Online program helps military families vote absentee

  • Published
  • By Lisa Daniel
  • Air Force News Service
Defense Department officials launched an Internet-based program June 28 to help servicemembers and other Americans living overseas vote more easily in November's elections.

The new online voting assistant at www.fvap.gov will make the registration and absentee ballot application process "quick, easy, seamless and intuitive," said Bob Carey, a federal voting assistance program director.

Americans living abroad previously had to research a 290-page manual to find their state requirements for absentee voting, including where and how to send their applications, Mr. Carey said.
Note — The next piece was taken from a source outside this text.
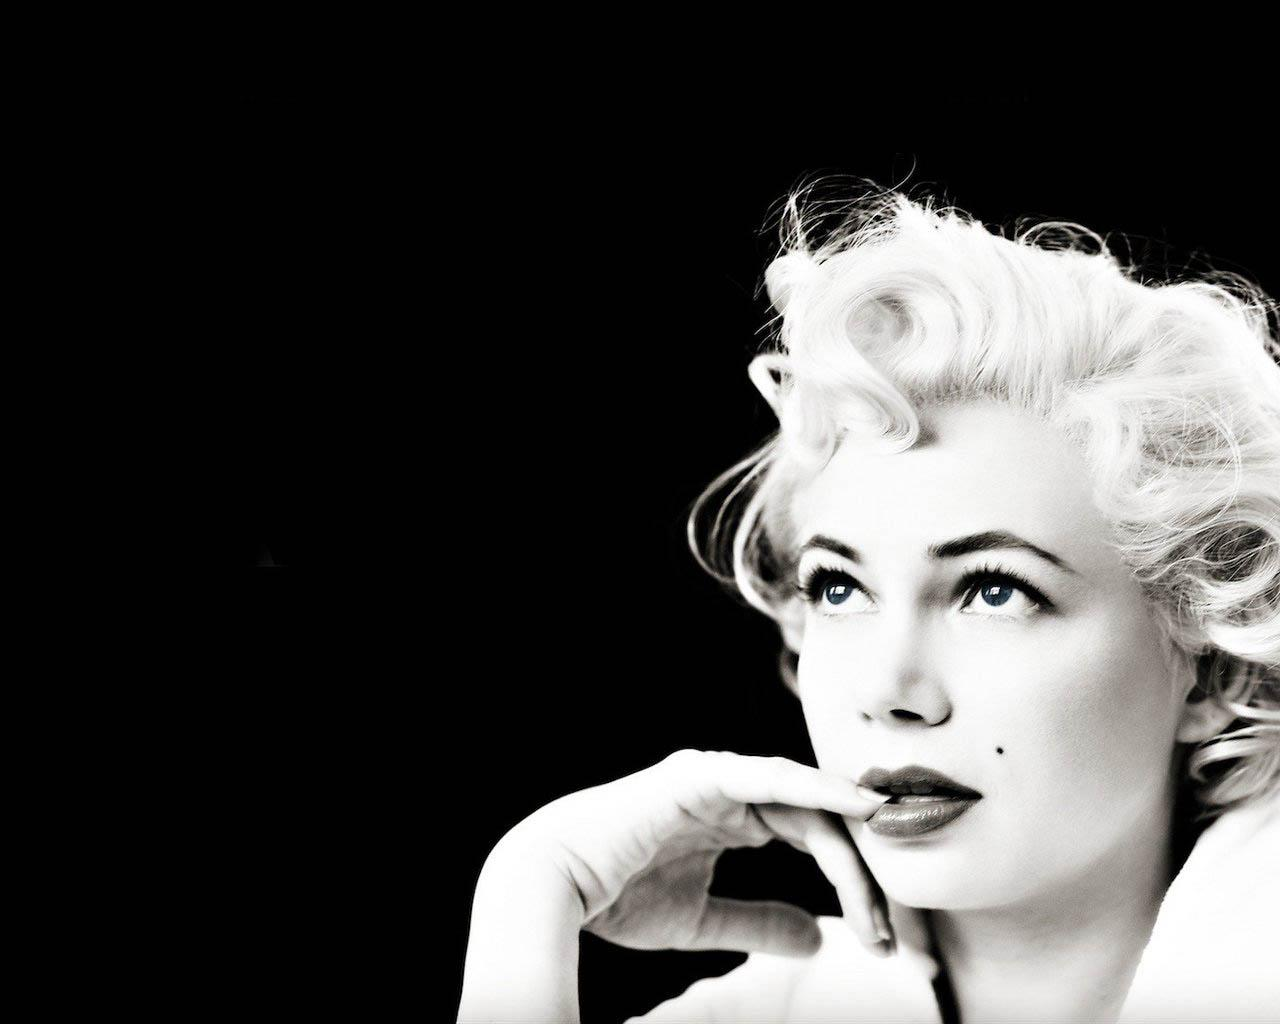 http://4.bp.blogspot.com/-J33GDlcPV-M/T5t8-uqvTAI/AAAAAAAAA2w/Oxp11sLlGUo/s1600/Marilyn+1.jpg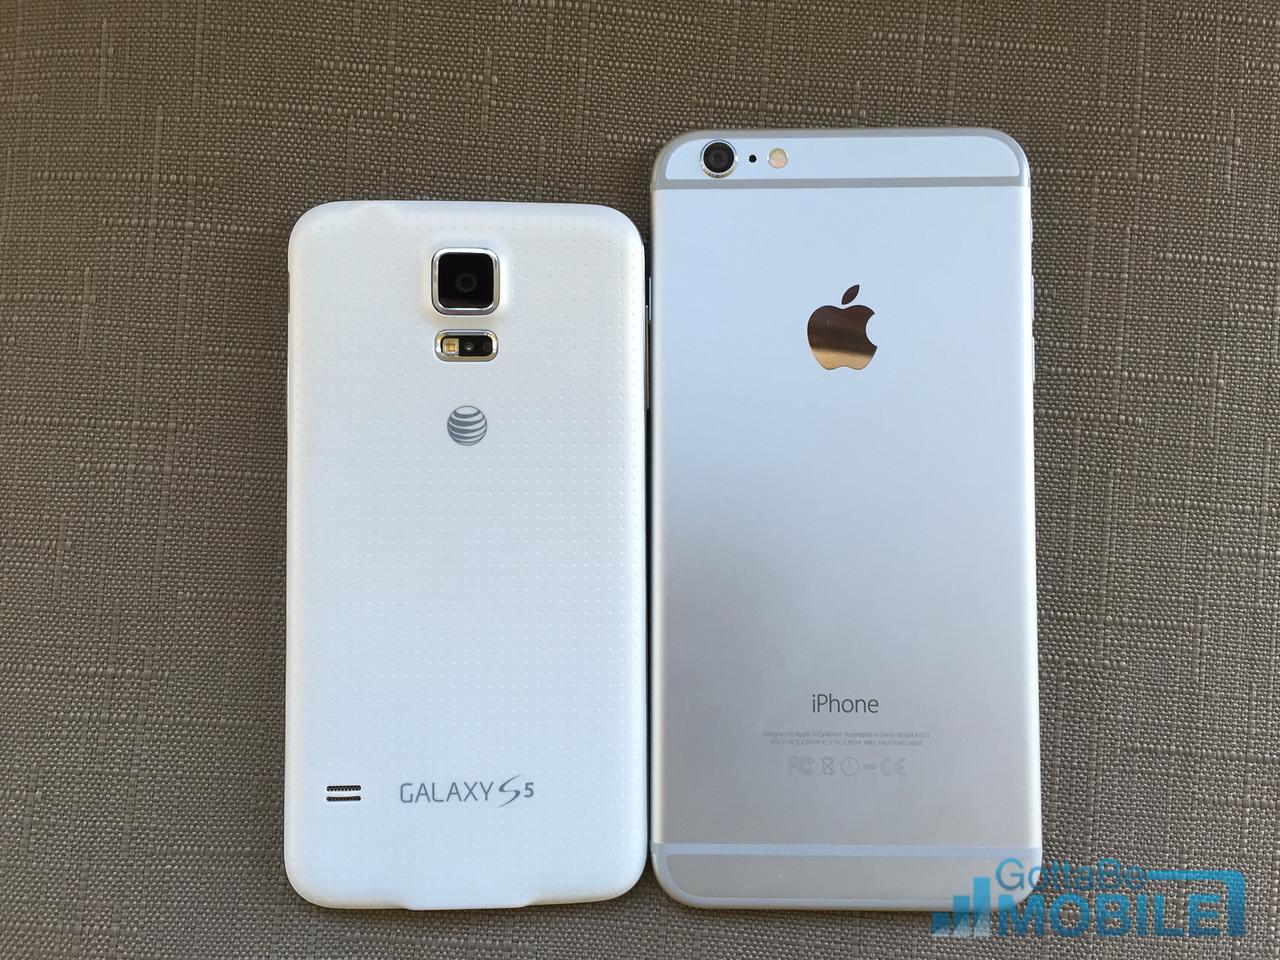 samsung galaxy s5 iphone 6

"One of the things we found from the 2008 elections was that voters found the process very complex, very laborious and not very intuitive," he said. "With this, a voter doesn't have to have a master's in election law to figure out the process."

The site asks prospective voters to identify themselves either as a servicemember, family member or other citizen living outside the U.S., then answer fewer than 10 questions, including voting residence and how a ballot should be sent to them, Mr. Carey said. The process takes between two and 10 minutes.

The program automatically determines the voter's election jurisdiction, and the proper questions to ask to meet specific state and local registration and absentee ballot requirements, Mr. Carey said. Once the questions are answered, the voter prints off a form in PDF format, signs it and submits it by mail, fax or e-mail, depending on state requirements.

The online assistant does not store the information after the form is complete, and the information is purged from the server, he said.

The program is expected to increase the number of ballots counted for servicemembers, who are known to vote at a higher rate than the general public, Mr. Carey said. In 2008, it is believed that roughly 5,000 servicemembers' ballots couldn't be counted because forms were inadequate, incomplete or mailed to the wrong jurisdiction.

An even bigger problem was that ballots didn't make it to voting officials in time to be counted, he said.

The online assistant was released as part of Armed Forces Voters Week and Overseas Citizens Voters Week, which runs June 28 through July 7. Americans living overseas, some six million voters, are encouraged to use the site to register for absentee ballots in July.

"If it's August, they're starting to push it," Mr. Carey said. "If it's September, they're going to have problems."